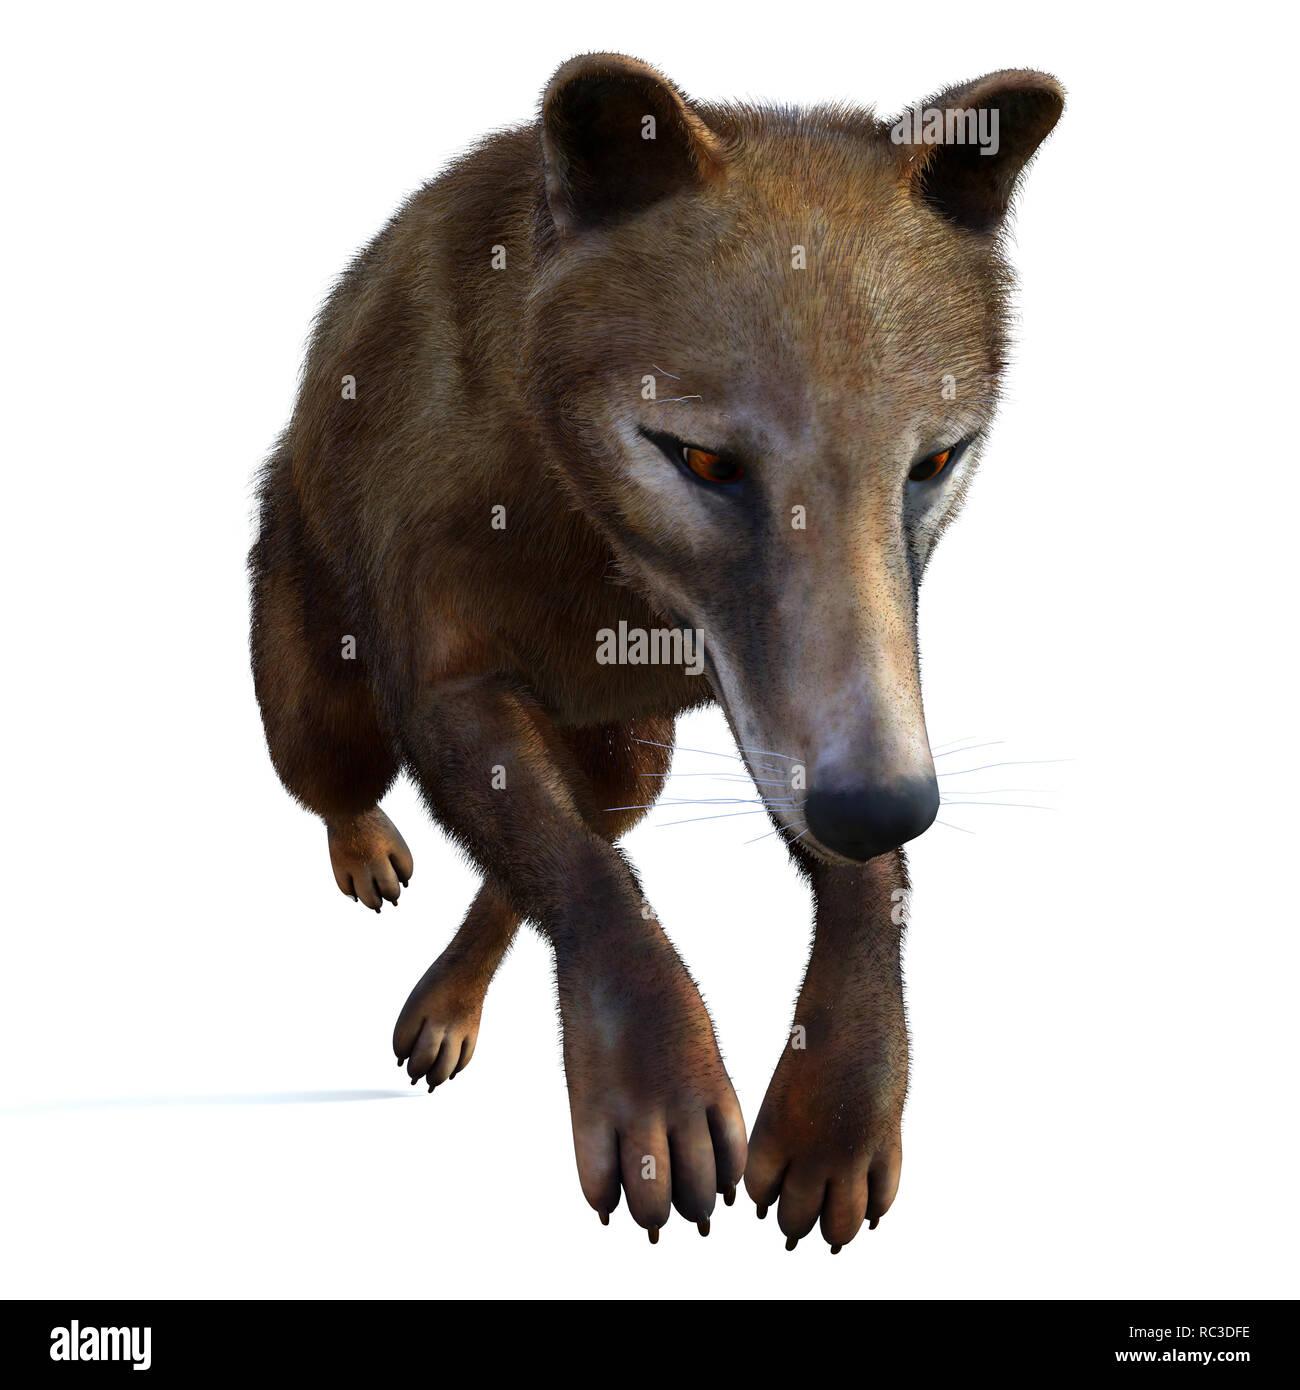 Thylacine Marsupial - The Thylacine marsupial was an extinct predator from the Holocene Period of Australia, Tasmania, and New Guinea. - Stock Image
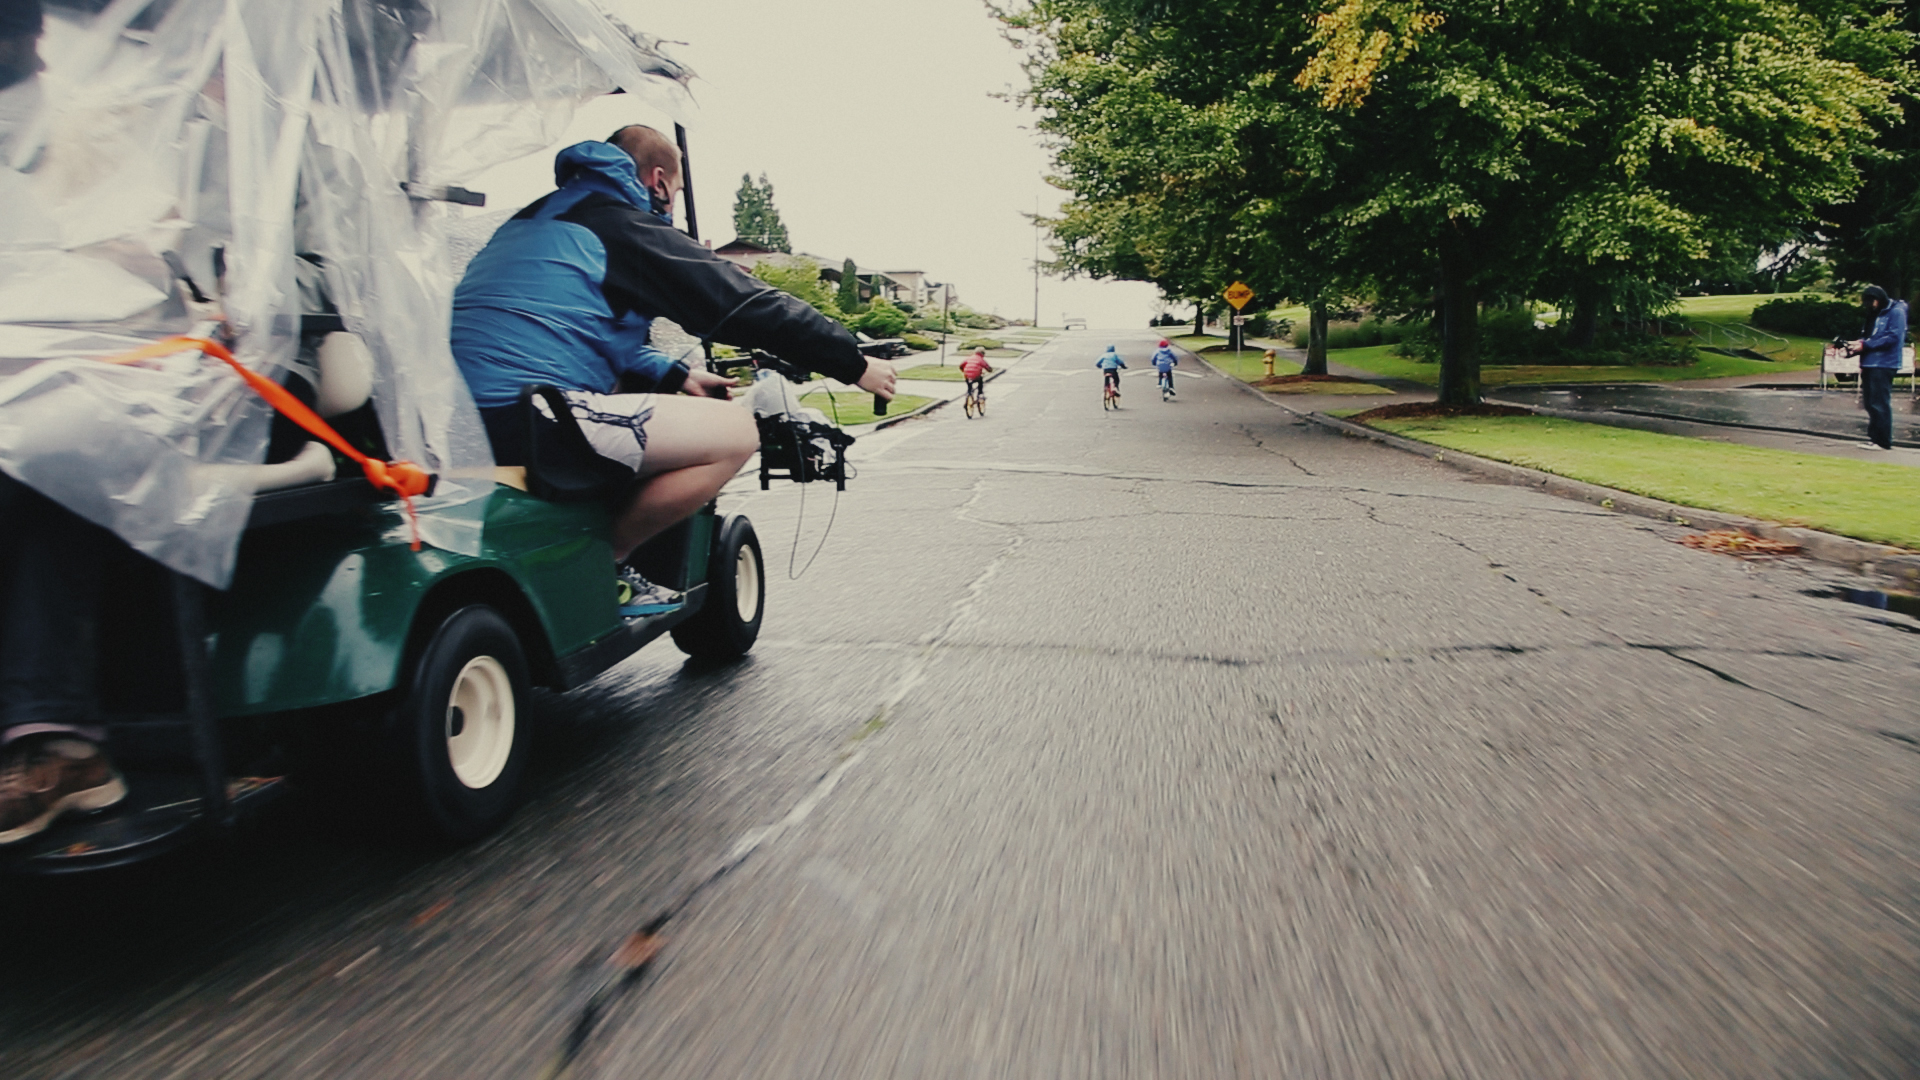 MINDCASTLE-from-1994-biking-BTS-02.jpg
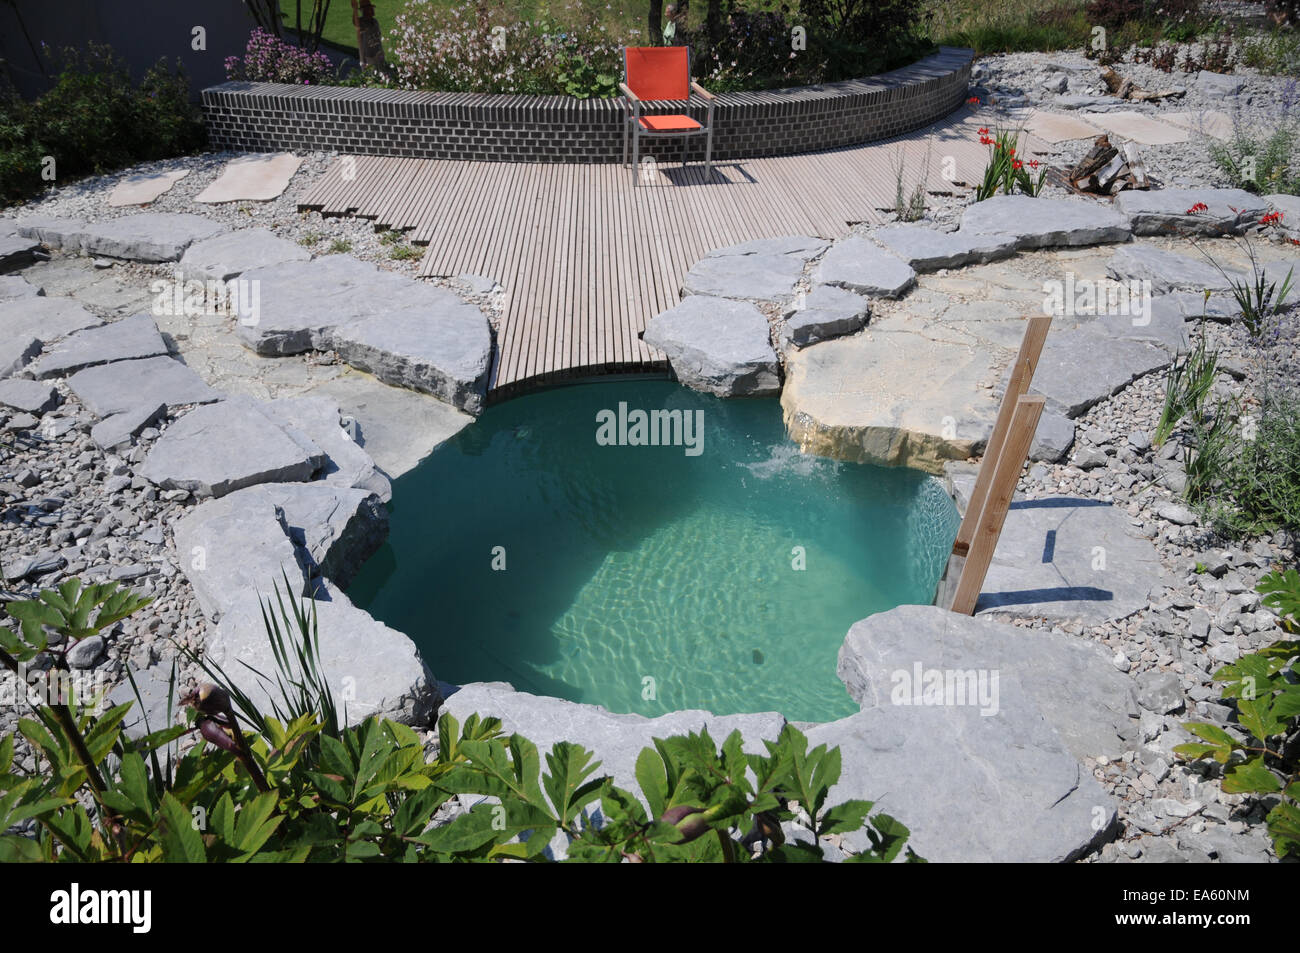 Natur Pool Stock Photo 75120352 Alamy
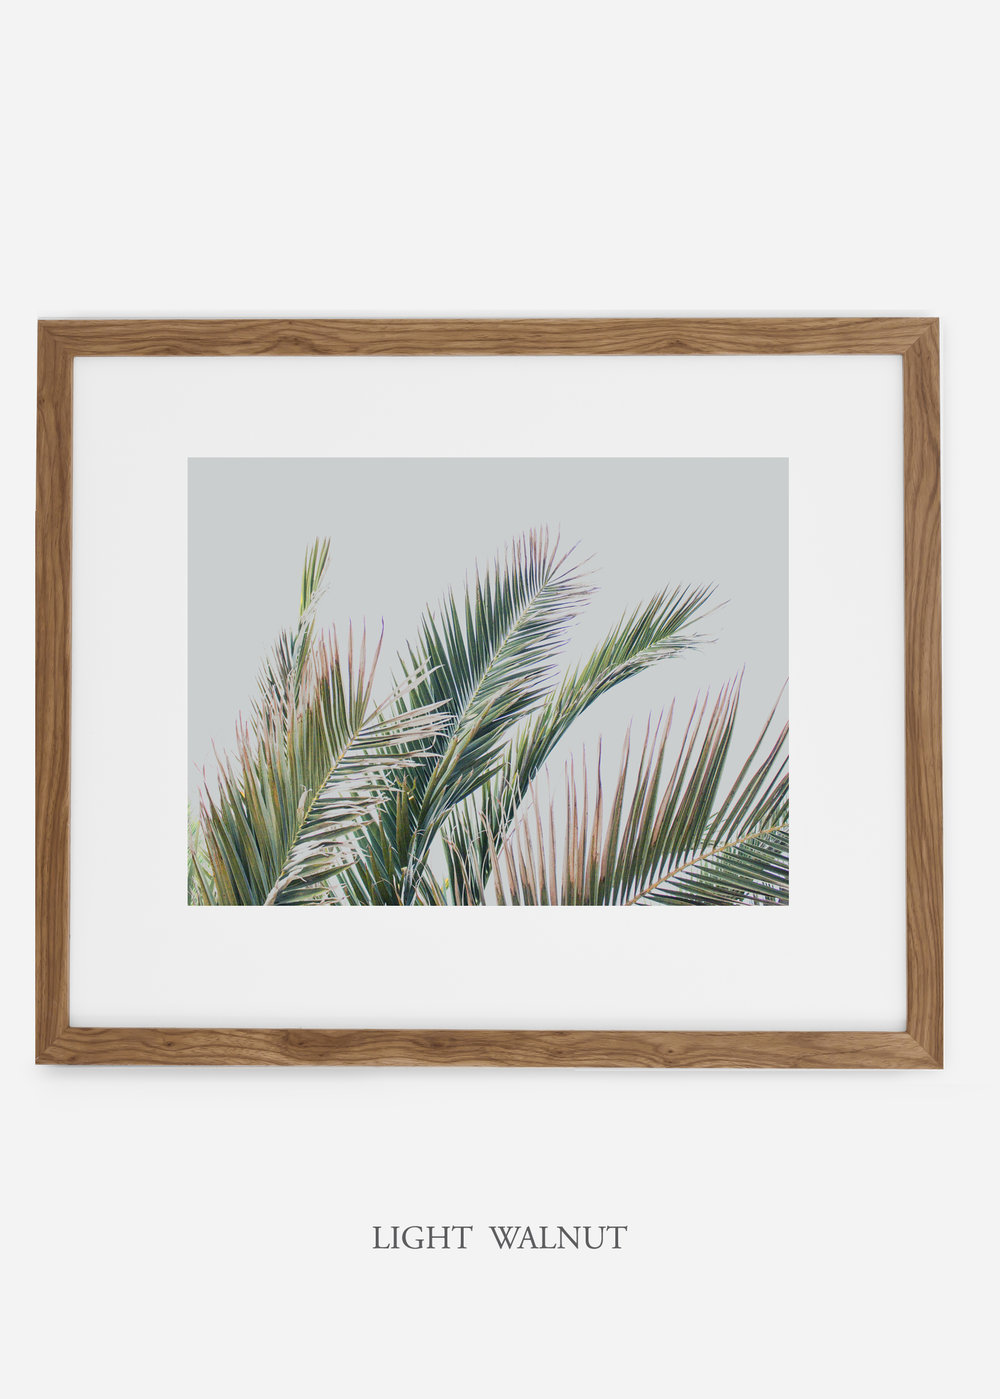 interiordesign_lightwalnutframe_art_tropical_palmtree_StormyGrayPalm.jpg

Problem details: Exactly the lines from the one containing "MINDCASTLE-from-1994-biking-BTS-02.jpg" through the last line of the material above, both included and free of pictures, should make up your answer, please.

Reply to the exercise:
 MINDCASTLE-from-1994-biking-BTS-02.jpg
 Natur Pool Stock Photo 75120352 Alamy
 interiordesign_lightwalnutframe_art_tropical_palmtree_StormyGrayPalm.jpg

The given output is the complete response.